Я начала набирать сообщение, но тут же его стерла. «Я не буду писать Уиллу, – напомнила я себе. – Я не буду писать Уиллу. Ниндзя. Секретный агент. Выведать все секреты и ускользнуть невредимой».

– Ханна?

Я подняла голову. Дилан смотрел на меня.

– Хм-м?

Он на секунду свел брови к переносице, после чего неуверенно хмыкнул.

– Ты сегодня в порядке? Кажешься немного рассеянной.

– Ага, – выдавила я, ужаснувшись тому, что он меня раскусил.

Я подняла телефон и объяснила:

– Просто жду сообщения от мамы.

Ложь. Чудовищная.

– Но все в порядке?

– Абсолютно.

Дилан со вздохом облегчения отодвинул свою тарелку и нагнулся вперед, положив локти на стол.

– Так что насчет тебя? По ощущениям я трещал без умолку. Расскажи мне что-нибудь о своих исследованиях.

В первый раз за ночь я ослабила хватку на телефоне. Это была моя стихия. Рассказать о работе, учебе и научных экспериментах? Да, черт возьми!

Я как раз добралась до конца десерта и своего рассказа о том, как в сотрудничестве с другой лабораторией нашего факультета создала вакцину против Trypansoma cruzi, когда кто-то похлопал меня по плечу. Развернувшись, я обнаружила стоящего рядом за моим стулом Макса.

– Привет! – сказала я, удивленная его появлением.

Ростом он был чуть ли не под три метра, но когда нагнулся, чтобы поцеловать меня, в его позе не было ни грамма неловкости.

– Ханна, ты сегодня сногсшибательно выглядишь.

Черт. Его акцент поражал меня насмерть. Я улыбнулась.

– Можешь переадресовать комплименты Саре – именно она выбрала это платье.

Не думала, что Макс может выглядеть еще привлекательней, но широкая и гордая улыбка сделала его просто неотразимым.

– Так и сделаю. А это кто? – сказал он, разворачиваясь к Дилану.

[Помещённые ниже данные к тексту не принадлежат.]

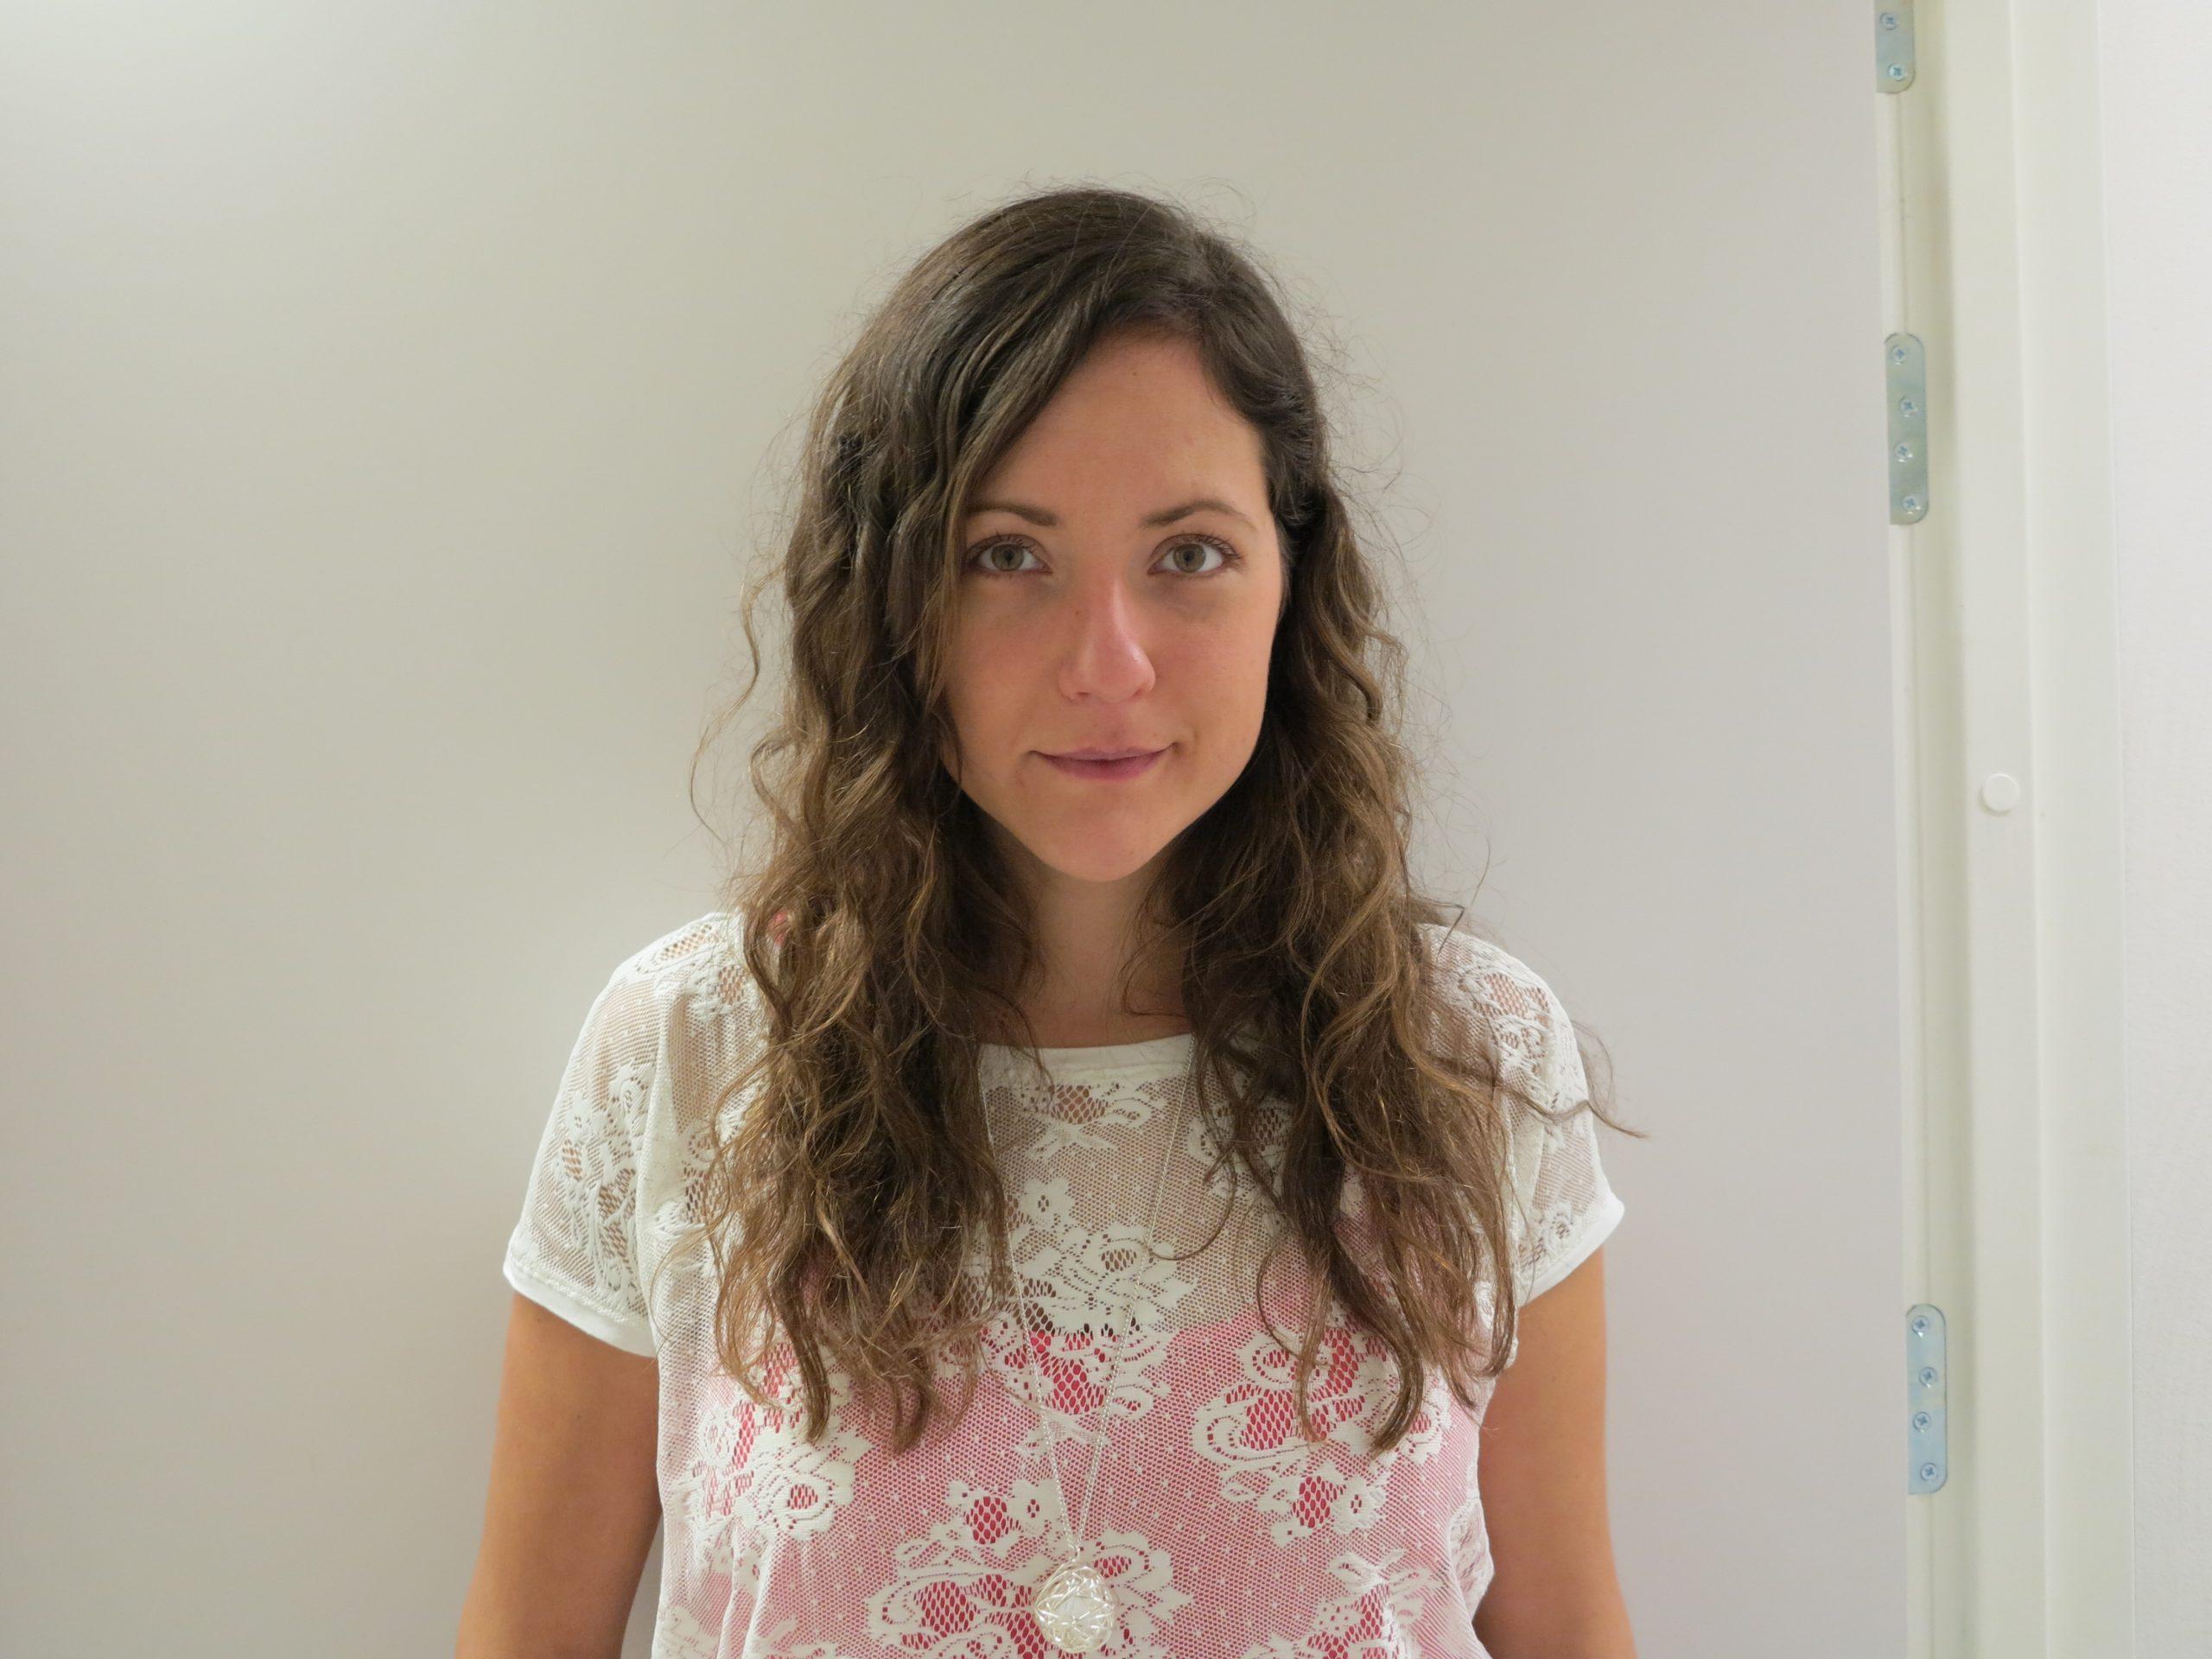 Emma Varga med långt utslaget hår och vit blus.

– Ох, – выдохнула я, снова обернувшись к своему спутнику. – Извини, Макс, это Дилан Накамура. Дилан, это Макс Стелла, деловой партнер моего друга Уилла.

Мужчины обменялись рукопожатиями и перебросились парой фраз, а я старательно воздерживалась от вопросов об Уилле. В конце концов, я была на свидании. Я вообще не должна была о нем думать.

– Ну что ж, оставлю вас наедине, – попрощался Макс.

– Передай привет Саре.

– Непременно. Приятного вечера.

Макс вернулся к своему столику, где его ожидала группа мужчин. Я проводила британца взглядом, размышляя, был ли это деловой ужин – а если да, почему Уилл не пошел с ними? Конечно, я не слишком много знала о его работе, но разве они с Максом не должны были заниматься такими вещами вместе?

Спустя пару минут, как раз когда нам принесли счет, у меня на коленях завибрировал телефон.

«Как проводишь вечер, Сливка?»

Я зажмурилась, чувствуя, что от этого слова по телу побежали электрические искры. Мне вспомнилось, когда он в последний раз назвал меня так, и внутри все как будто растаяло.

«Неплохо. Здесь Макс. Это ты послал его присмотреть за мной?»

«Ха! Как будто он согласился бы оказать мне такую услугу. Он только что прислал смс. Говорит, ты очень завлекушечно выглядишь».

До знакомства с Уиллом у меня не было привычки краснеть, но сейчас я почувствовала, как щеки наливаются горячим румянцем.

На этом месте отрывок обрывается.